■ Data provided
* * * * * * * * *
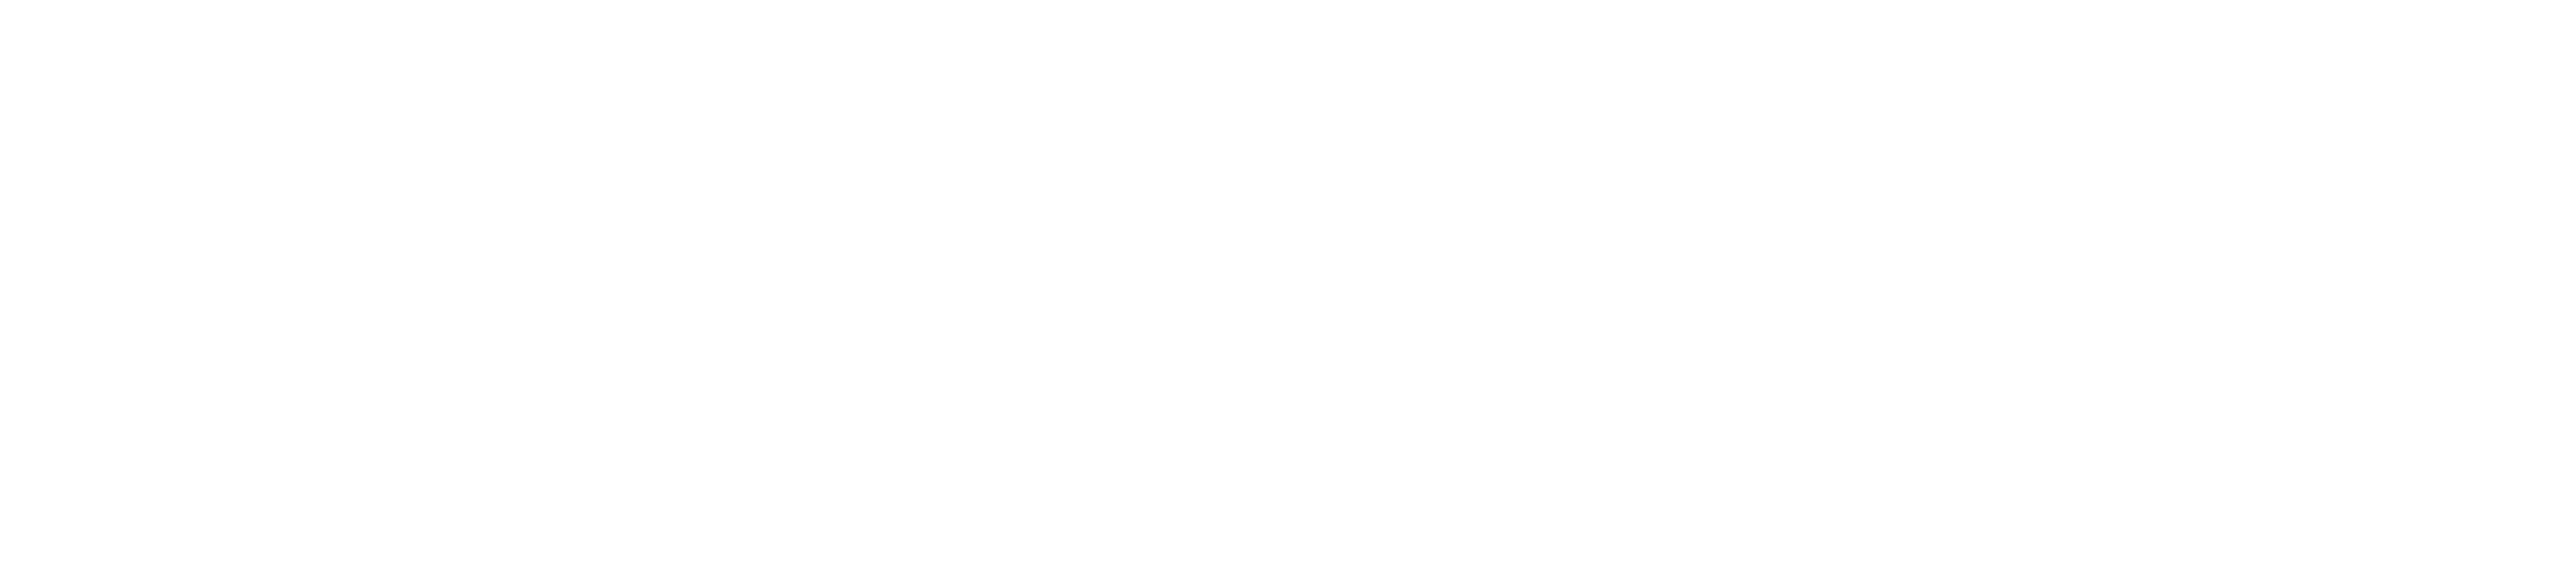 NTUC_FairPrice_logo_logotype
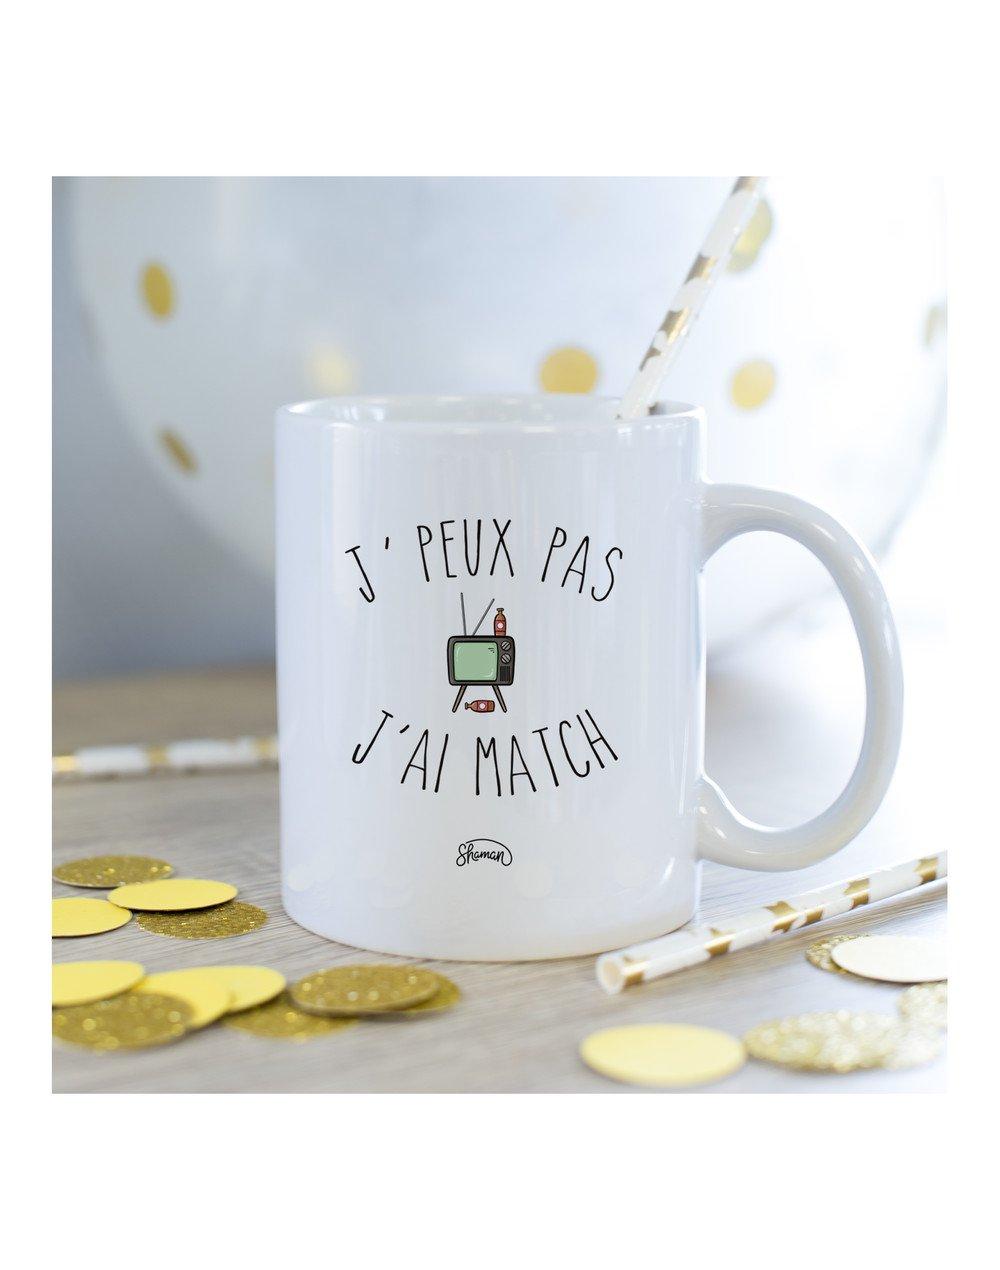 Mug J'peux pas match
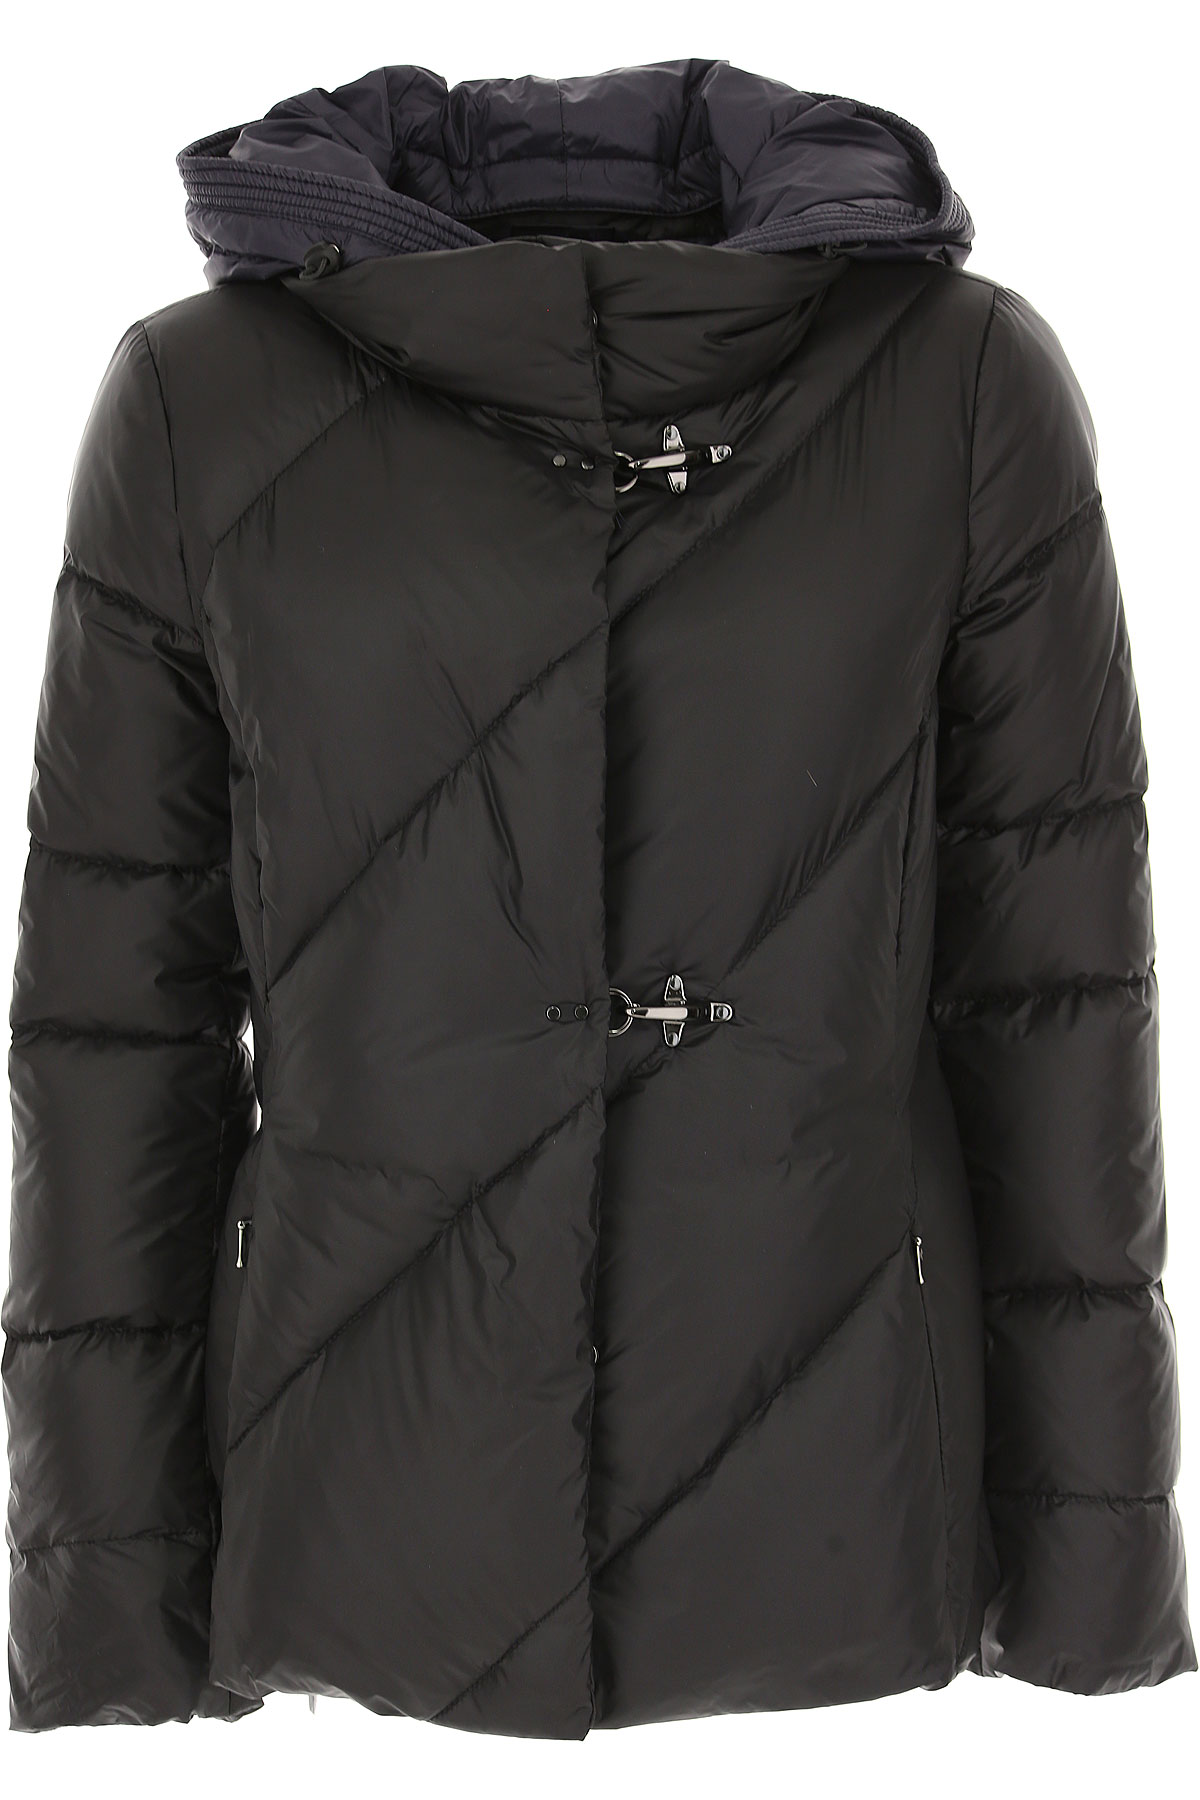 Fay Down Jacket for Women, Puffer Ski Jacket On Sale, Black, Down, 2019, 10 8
* * * * * * * * *
■ Exercise
Copy out the material above in full and exactly; its pictures are not to appear.

■ Answer to this exercise
 NTUC_FairPrice_logo_logotype
 Mug J'peux pas match
 Fay Down Jacket for Women, Puffer Ski Jacket On Sale, Black, Down, 2019, 10 8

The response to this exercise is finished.